# Stealing artwork...



## vickletiggz (Aug 21, 2009)

I have no tolerance for it and have just noticed this happening on FA .. 
How does anyone else feel?


----------



## anichellen (Aug 21, 2009)

Woah, thats one of my big nonos...  I can understand if it's made for you and one uploads it on the forum.... but seriously..... Can I say not again, that's the reason I left DA


----------



## Azerane (Aug 21, 2009)

art theft is everywhere, which is areal shame. Especially since so many people work so hard to produce what they do, but it's always going to be around, there will always be people doing it. I don't agree with it but there's not much you can do when it's so prevalent


----------



## anichellen (Aug 21, 2009)

hell I gave up on watermarking.... people were still stealing my art. *sighs*


----------



## sakket (Aug 21, 2009)

now that i think about it, I cant imagine even being upset about it if it happened to me. Stolen page views don't concern me much, and it's not like anyone ever buys prints from me.. whats the problem with it other than minor annoyance? mebbe i'm overconfident?


----------



## Tanzenlicht (Aug 21, 2009)

If you put it on the internet it's gonna get stolen.  Unless you're completely crap at art.

It's like a compliment.  Not one you want, but you'll get lots of creepy compliments if you put your art up on the internet.

You can't stop it.  Not even by putting low quality pics with huge watermarks up.  You can just make it unpleasant for people who aren't stealing your art.

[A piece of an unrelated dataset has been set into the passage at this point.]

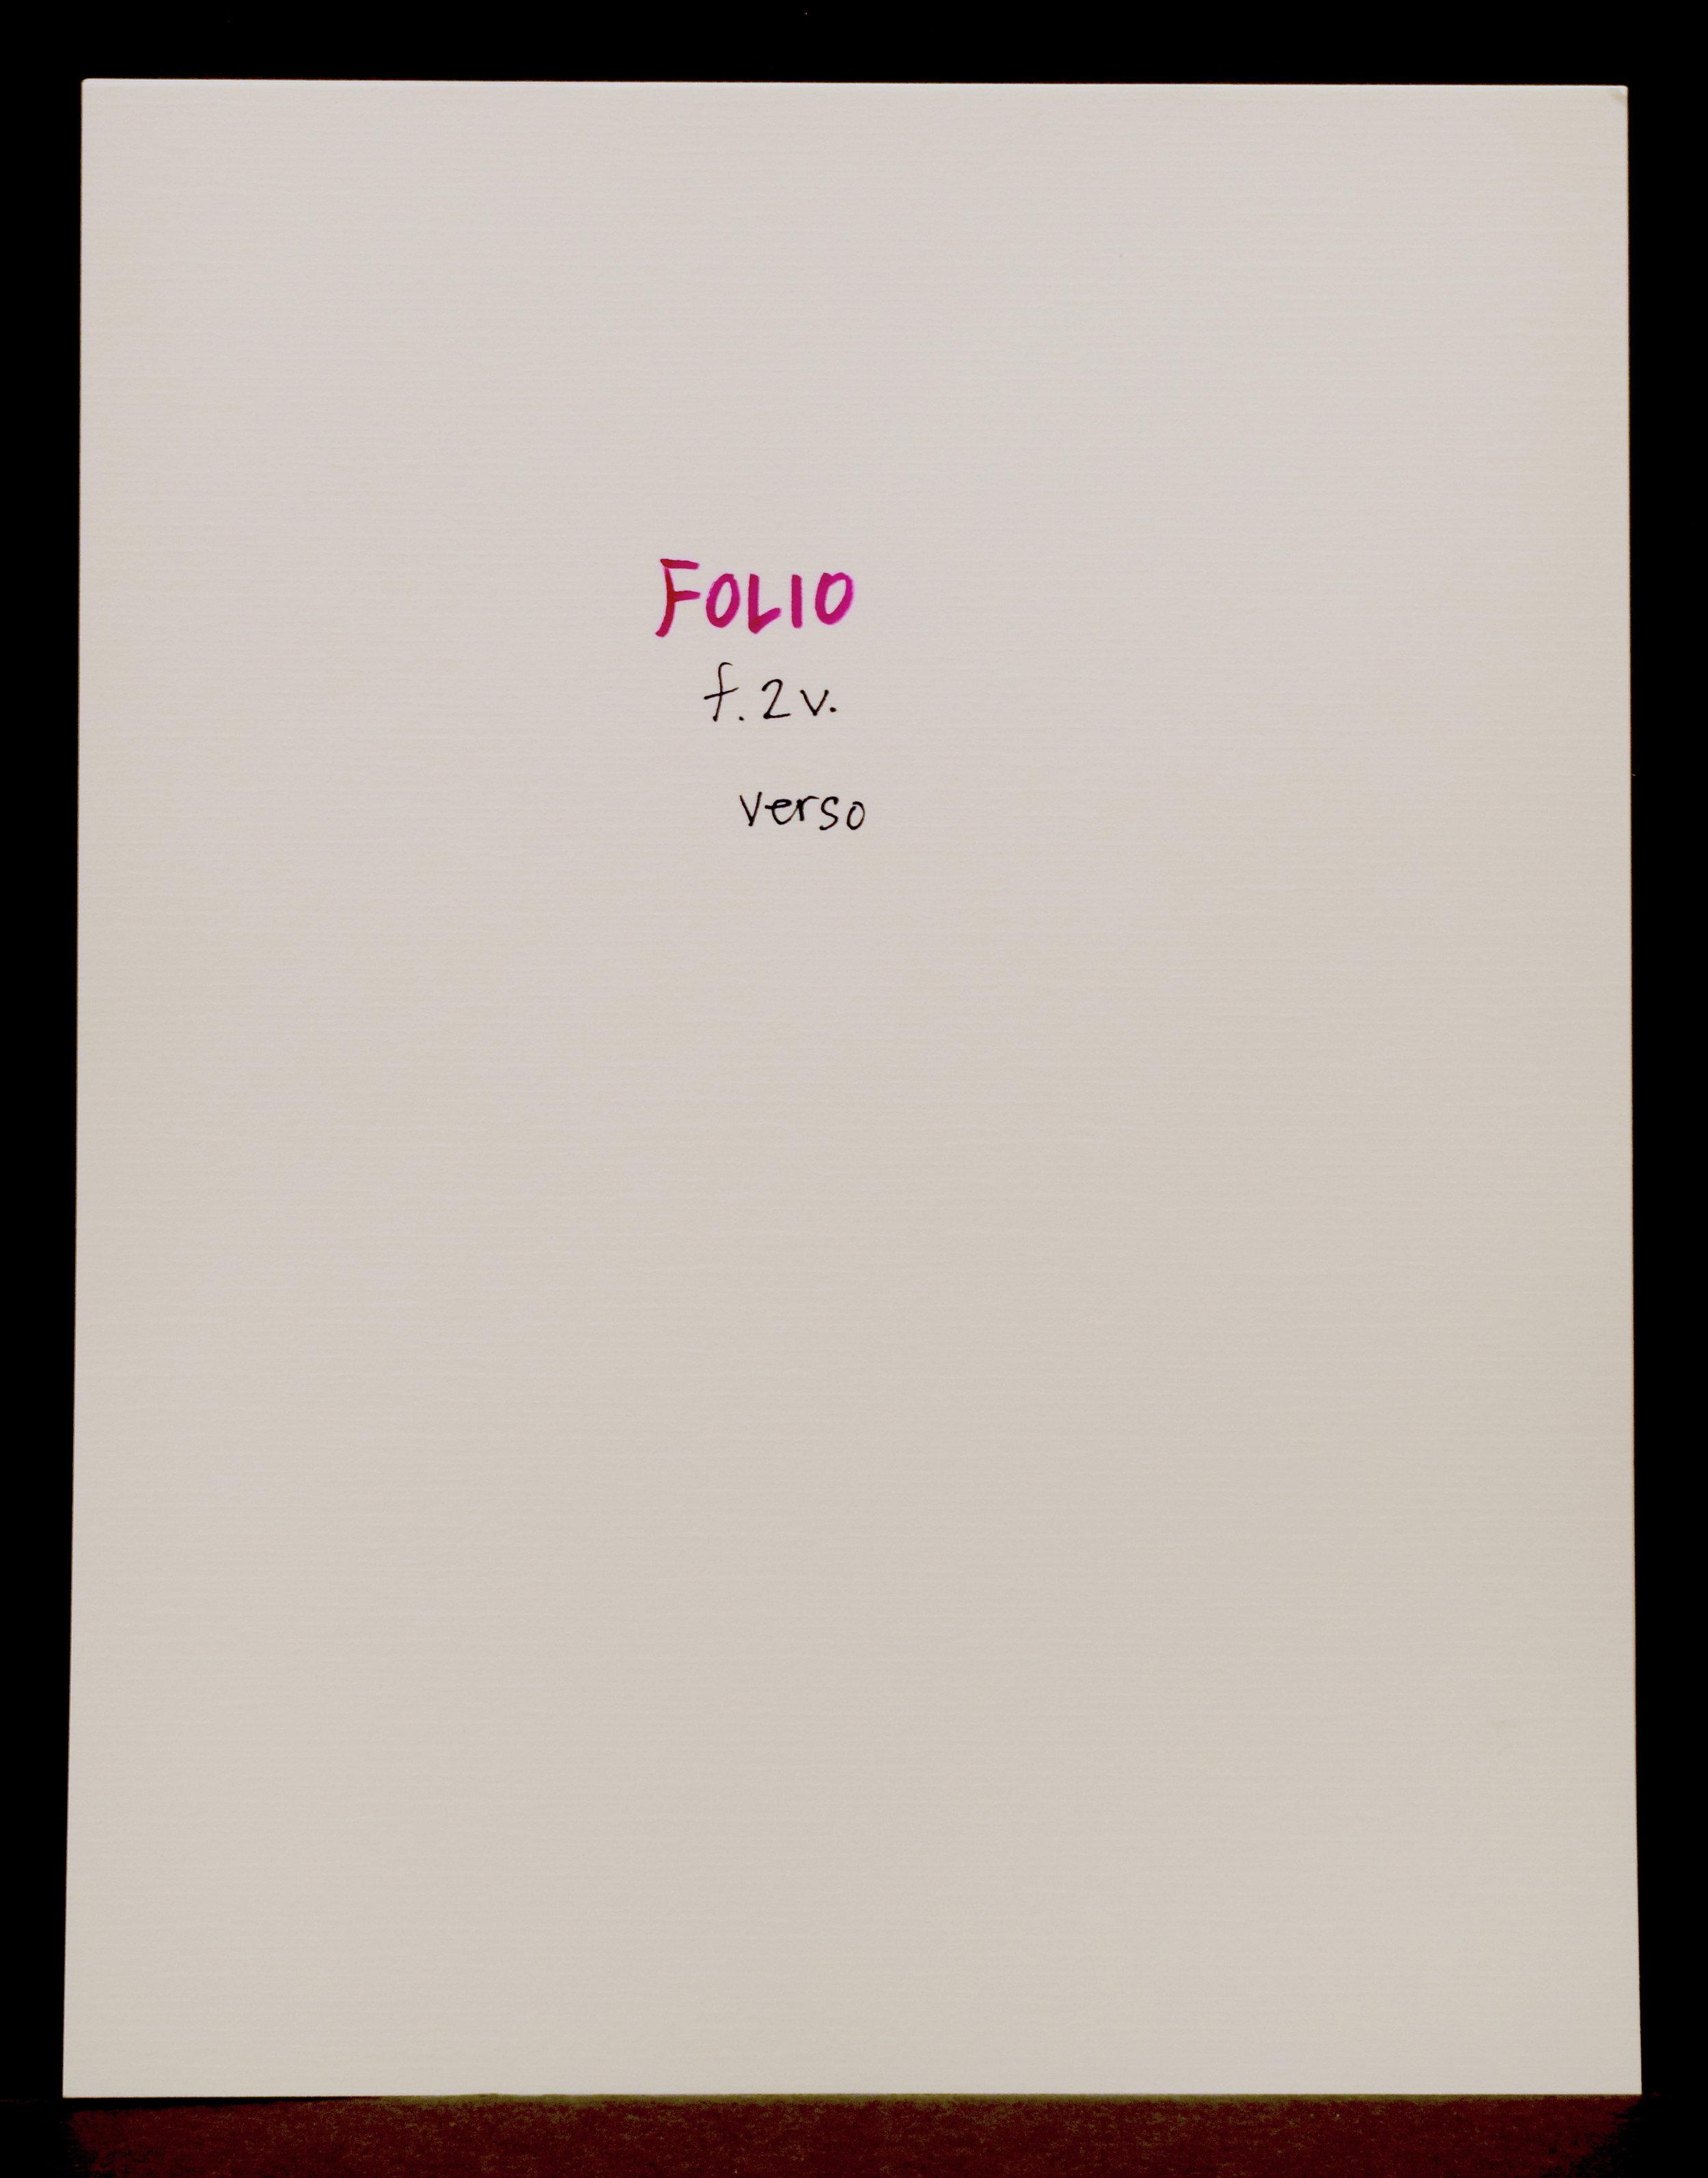 folio_verso_1_folium_DSC_0786.JPG

So you just have to decide if it bothers your enough to outweigh the enjoyment you get from sharing your art and the potential profit you might make.


----------



## Aden (Aug 21, 2009)

It's worse on dA, but it's everywhere on the internet. That's why you make sure to sign your works (and make it so the signature can't be cropped off without ruining something).

\There are "graphic designers" from Dubai who do nothing more than rip art off dA and sell it to whatever magazine they're hired onto. Can't be prosecuted because the laws over there are different.


----------



## vickletiggz (Aug 21, 2009)

anichellen said:


> Woah, thats one of my big nonos...  I can understand if it's made for you and one uploads it on the forum.... but seriously..... Can I say not again, that's the reason I left DA



SAME HERE D:


----------



## vickletiggz (Aug 21, 2009)

sakket said:


> now that i think about it, I cant imagine even being upset about it if it happened to me. Stolen page views don't concern me much, and it's not like anyone ever buys prints from me.. whats the problem with it other than minor annoyance? mebbe i'm overconfident?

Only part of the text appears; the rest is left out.